The crisis shows how America creates its own enemies.

Josie Appleton

Topics Politics

Before 13 May, most people in the West probably would have found it difficult to locate Uzbekistan on a map. Now the media is full of stories about president Islam Karimov’s brutal crackdown on demonstrators in the east of the country. Yet this is very much a crisis of the West’s own making. It is American intervention that has destabilised the region, and unbalanced already shaky states.

Uzbekistan, like many of the former Soviet republics, is a state without a reason to exist. Lacking a unified national elite or national identity, these central Asian states were born by default out of the collapse of the Soviet Union. Karimov was an ex-Communist Party chief who just stayed where he was after the USSR collapsed, attempting to keep control through a Soviet-style apparatus that included a ruthless secret service (1). The country is a hotchpotch of ethnic groups, with more than 60 per cent of people living in densely populated rural communities.

The USA’s ‘war on terror’ is upsetting this already shaky state of affairs, providing illegitimate central Asian leaders with a blank cheque to crack down. After 9/11 the USA was desperate for allies in the region. With its border with Afghanistan, Uzbekistan has become a key location for US air bases, and one of the places America sends al-Qaeda suspects for interrogation. Karimov looked to the Americans to prop up his regime – he hyped up the internal Islamic terrorist threat, and presented every domestic dispute as a case of Islamic extremism. In return, he has received US funding for Uzbek troops, and CIA and MI6 training for the security services (2).

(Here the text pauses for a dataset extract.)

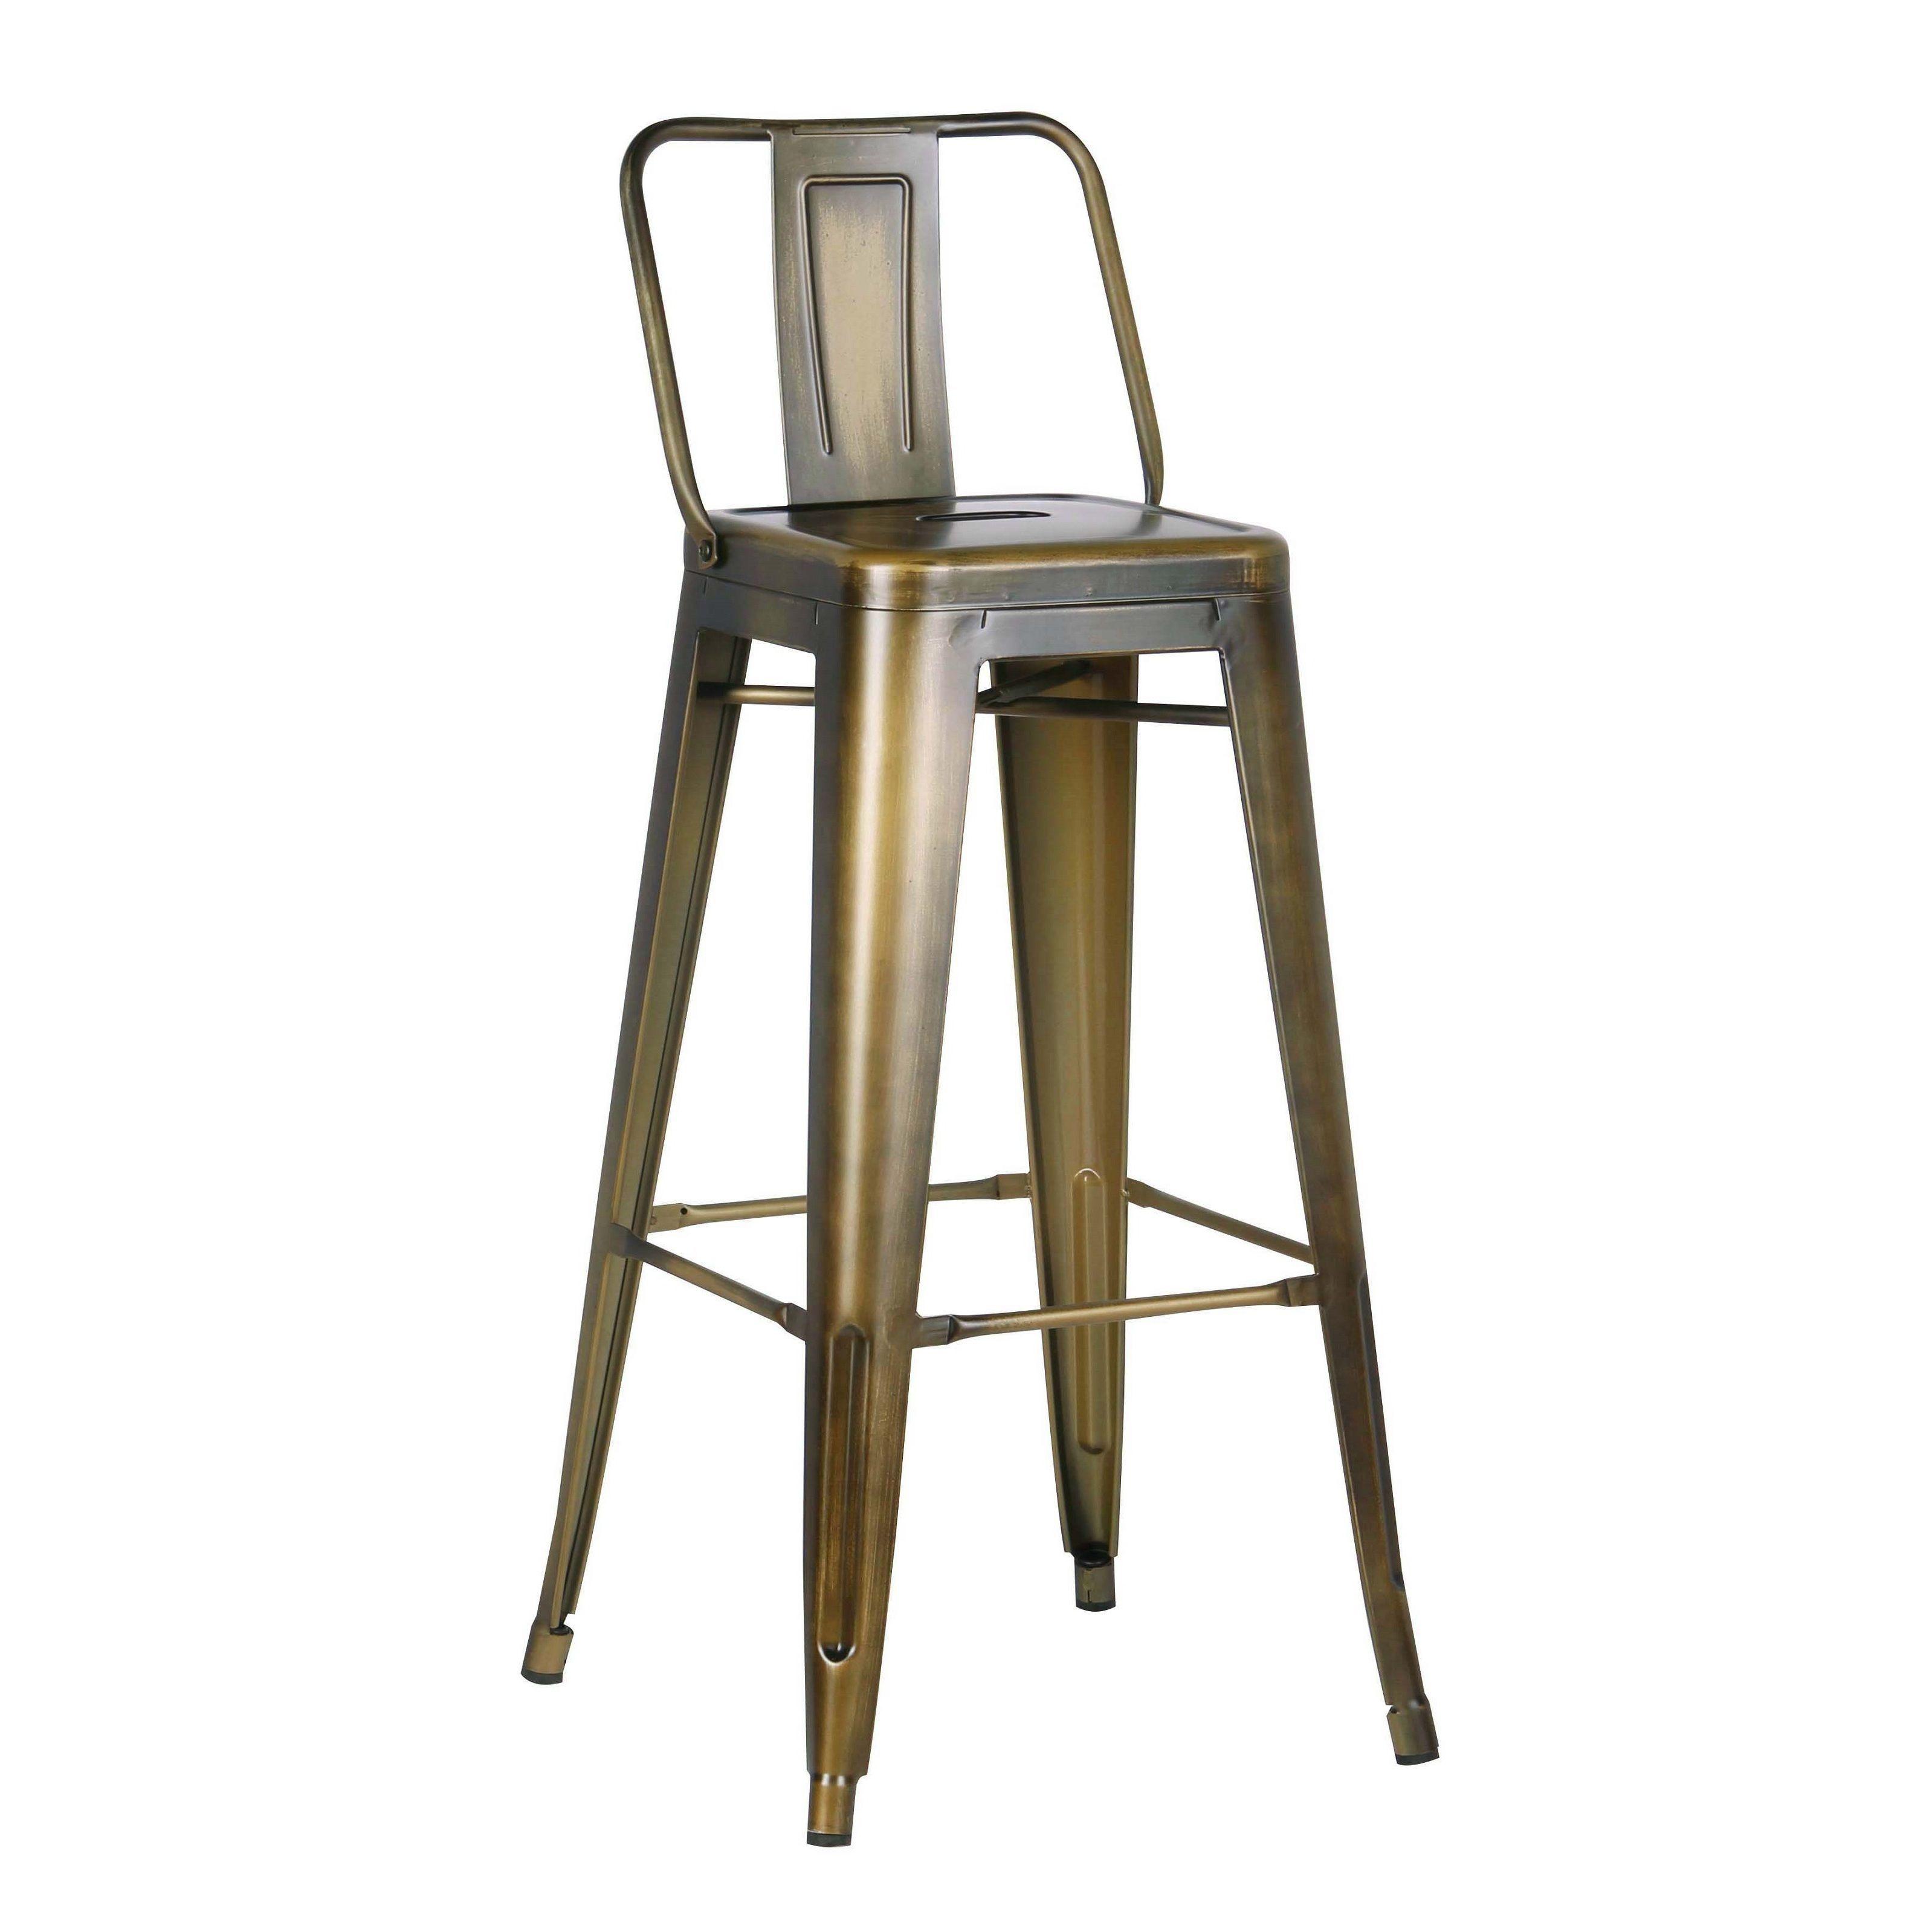 Peachy Ac Pacific Red Black Gold Distressed Metal 30 Inch Barstool Creativecarmelina Interior Chair Design Creativecarmelinacom

The American eagle hovering over central Asia artificially bolsters particular local elites, and encourages different groups to vie for external favour. There has already been trouble in Kyrgyzstan, and problems threaten in places such as Kazakhstan.

With the might of the world’s superpower behind Karimov, is it any surprise that this tin-pot leader felt free to flex his muscles? The Uzbek president rounded up scores of suspects, claiming that they were sinister Islamic militants. And when an illegitimate leader behaves in this way, is it any wonder that people rebel? Crowds near the eastern town of Andijan freed local prisoners and took over government buildings. The Uzbek military, bolstered by US aid and moral support, apparently had no qualms about opening fire.

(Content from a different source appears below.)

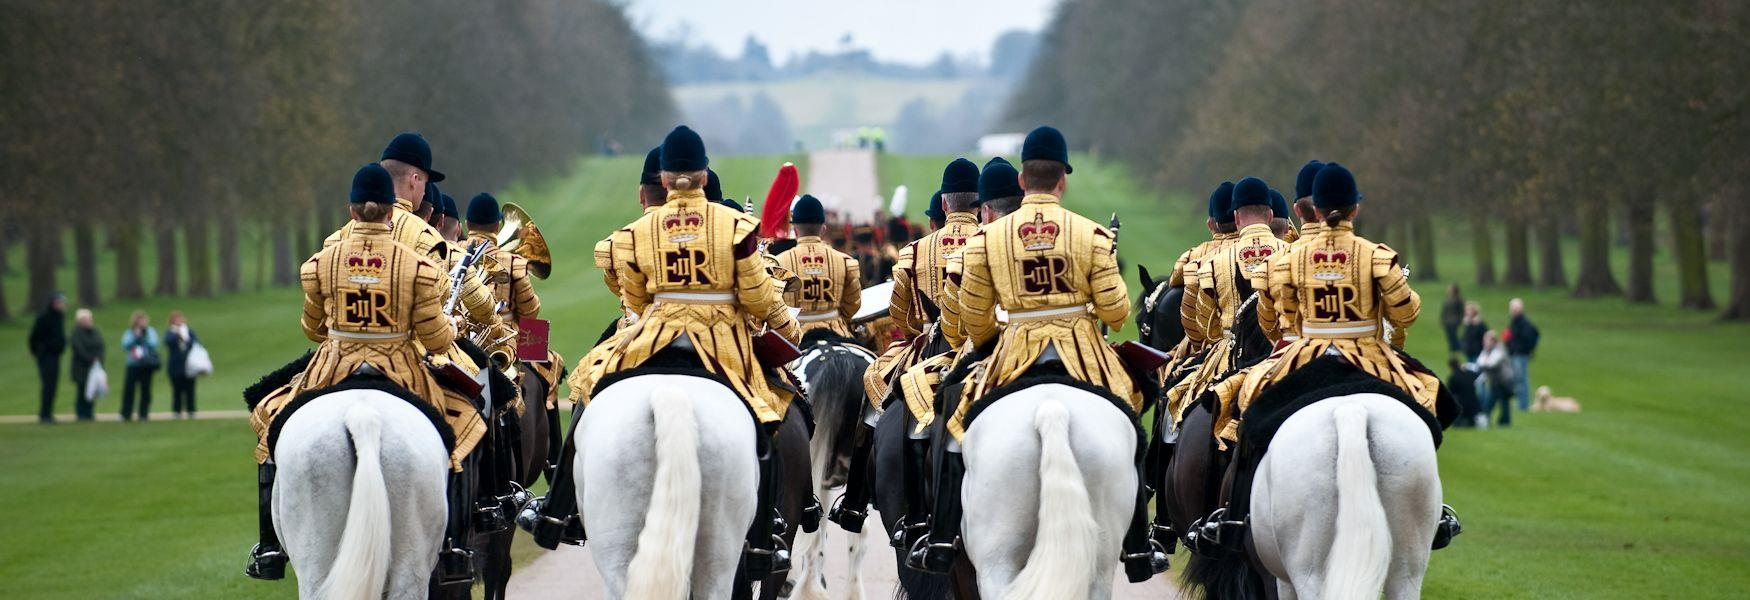 Mounted Band of the Household Cavalry - Doug Harding

In one sense, this scenario is nothing new. Throughout the Cold War, the US supported a string of local hard men, otherwise known as ‘our bastards’. Yet Western intervention today lacks those old certainties of ‘our’ interests, and so it faces problems when things turn nasty. US secretary of state Condoleezza Rice was pushed to make mild criticisms of the Uzbek regime, saying that the country needs ‘pressure valves that come from a more open political system’.

The USA seems to have an uncanny habit of breeding enemies for itself today. The very forces that it supports often turn around and bite it – from bin Laden in Afghanistan, to the Mujihadeen in Bosnia. Or, as with figures like Karimov, US support sparks an aggressive opposition. Behind this is the fact that the USA lacks a coherent set of national interests to defend on the international stage. Without the Soviet threat, it’s unclear what American allies are supposed to stand for. They can’t just be anti-communist any more, so they tend to head off on their own trajectory.

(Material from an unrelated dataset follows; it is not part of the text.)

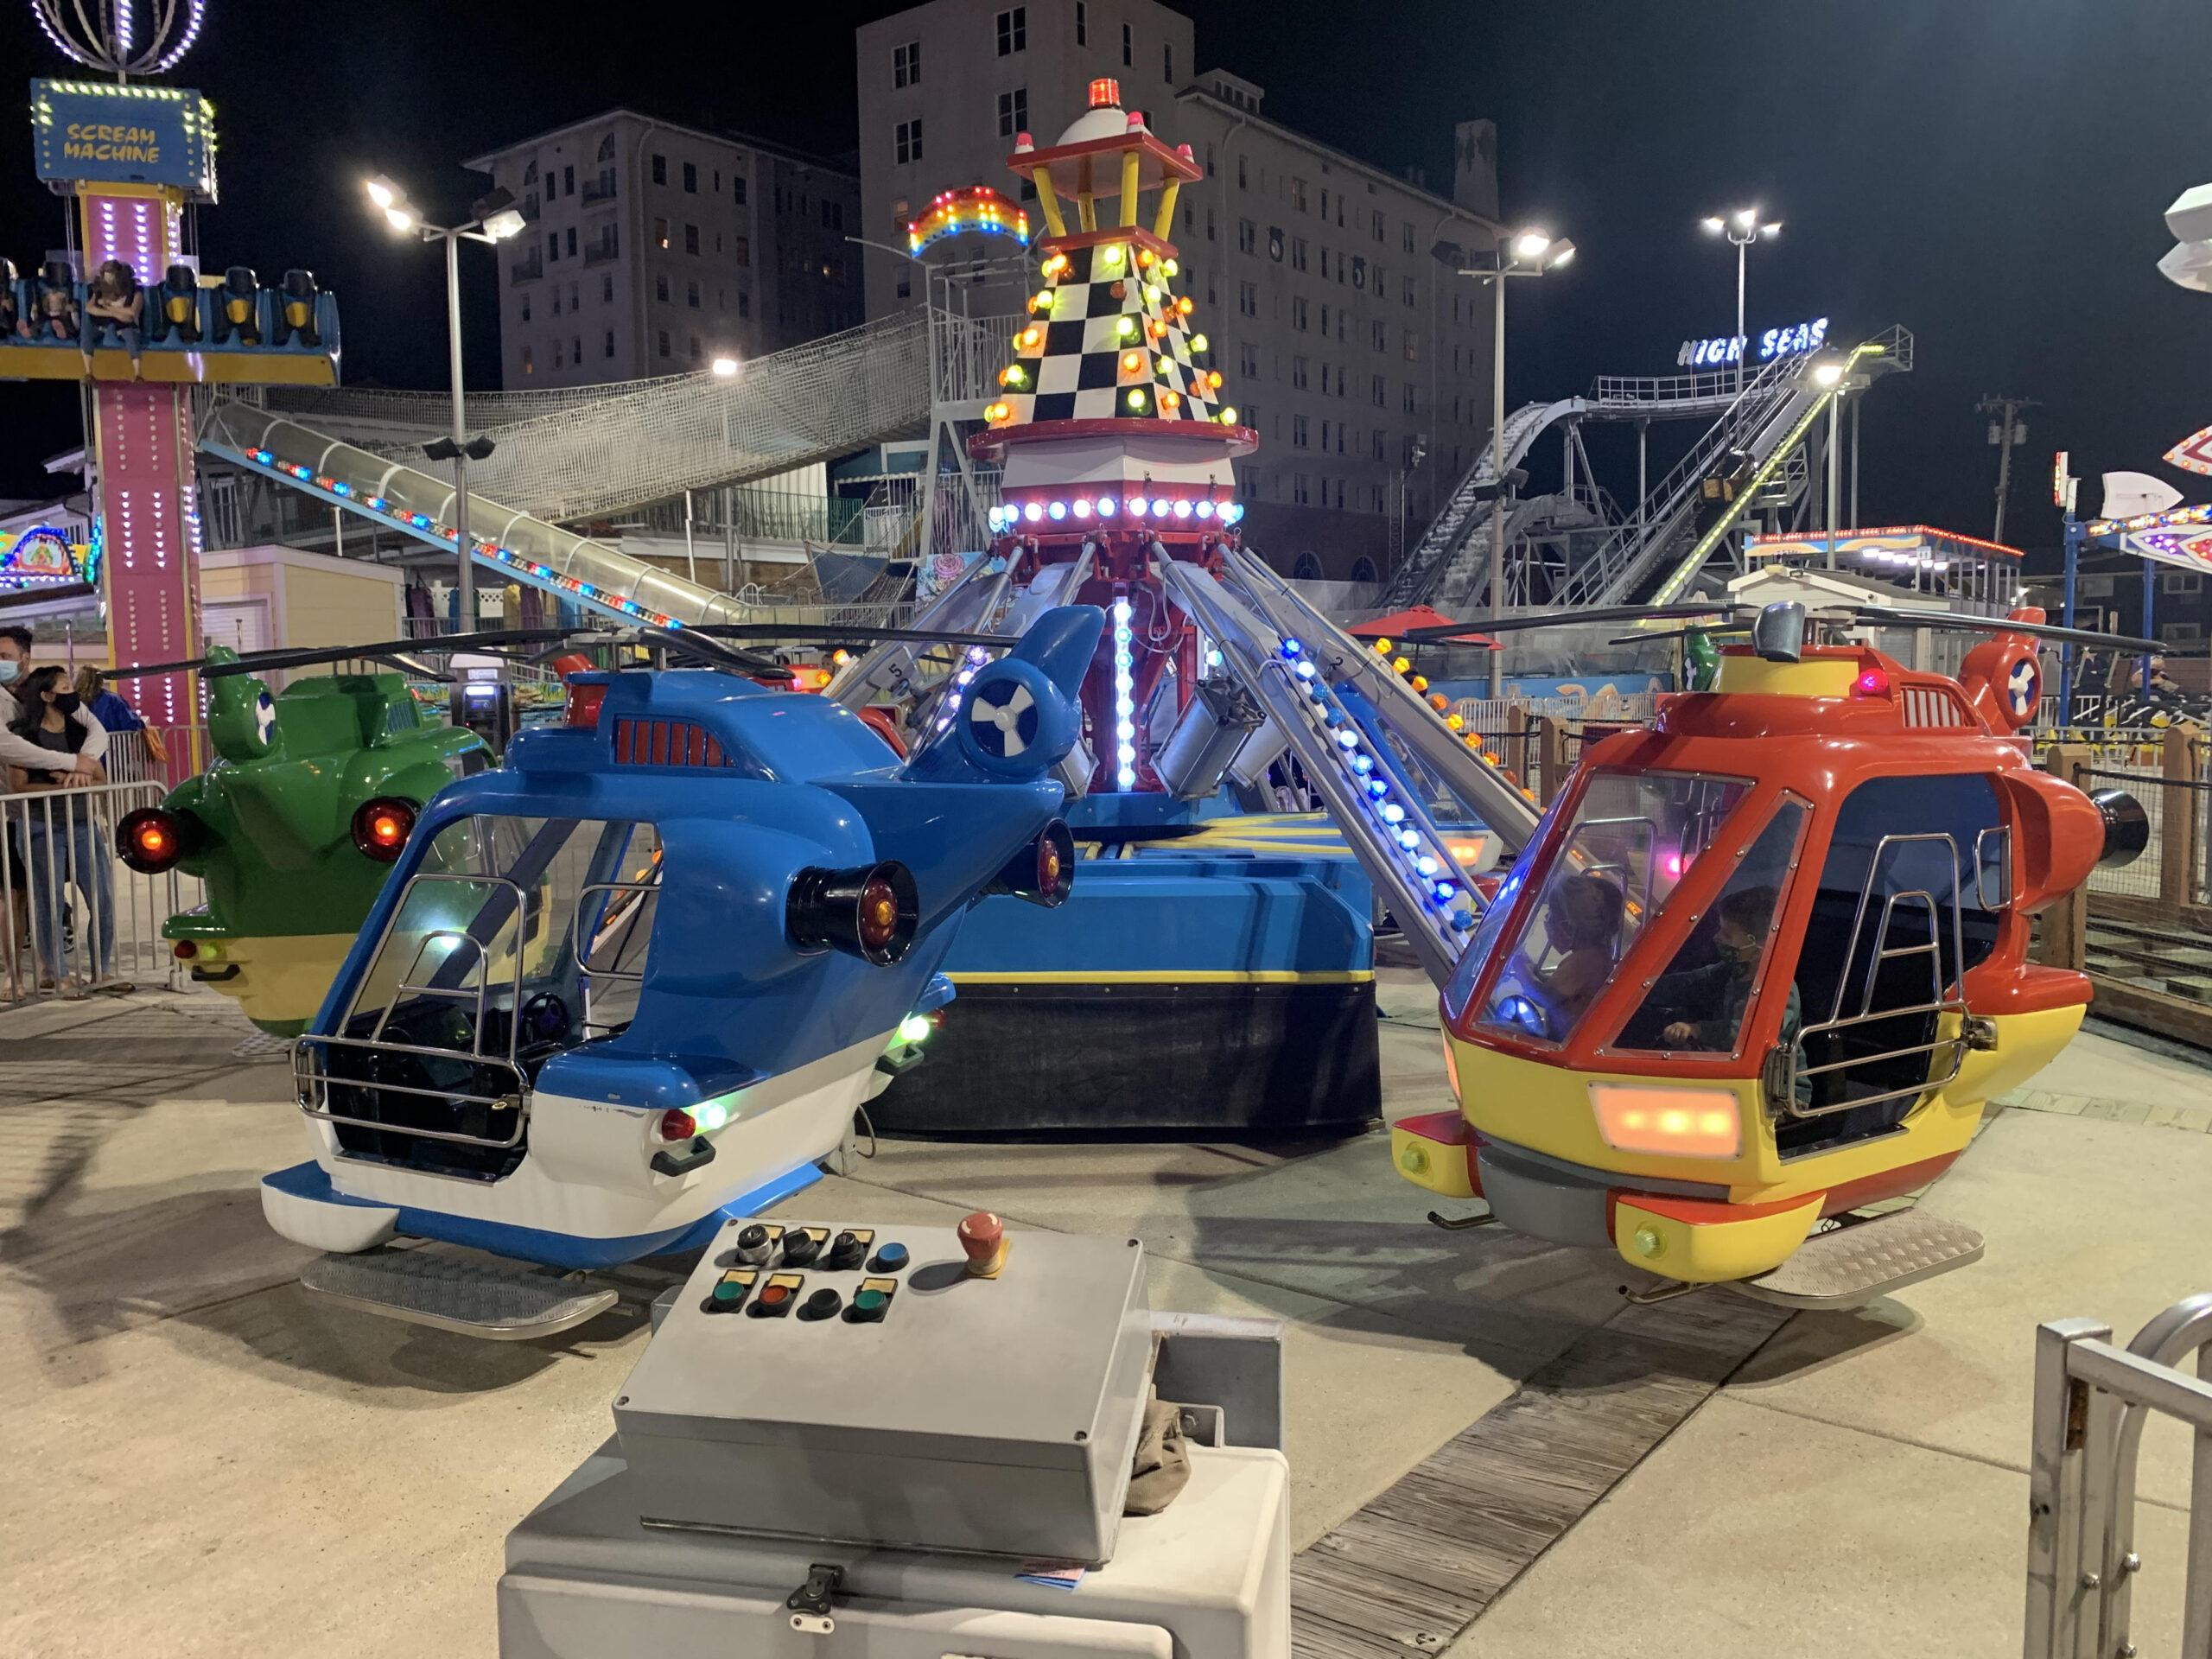 2002 Zamperla Helicopters

US intervention today ends up achieving the opposite to what it intended. If there is an attempt to create a stable state in Iraq or Uzbekistan, the exact opposite results: destablised states, where private militias and other non-state groups can flourish. At every turn, American action creates an undesired reaction. There is potential for a place such as Uzbekistan to turn into a Chechnya.

The effects of American intervention in central Asia are worsened by the intervention of other Western commentators, who have different axes to grind. Journalists use Uzbekistan as a stage for their own moral grandstanding – they compete to paint the most horrendous picture of Uzbek evil. One columnist attacks the ‘vicious, murdering, malevolent despot’, who ‘boils people alive’ – as well as using ‘electrocution, chlorine-filled gas masks, drowning, rape…’ (3). One newspaper printed a report from a UK-based NGO claiming that a truckload of vodka was delivered to the Uzbek military servicemen, who got drunk before firing randomly into the crowd (4).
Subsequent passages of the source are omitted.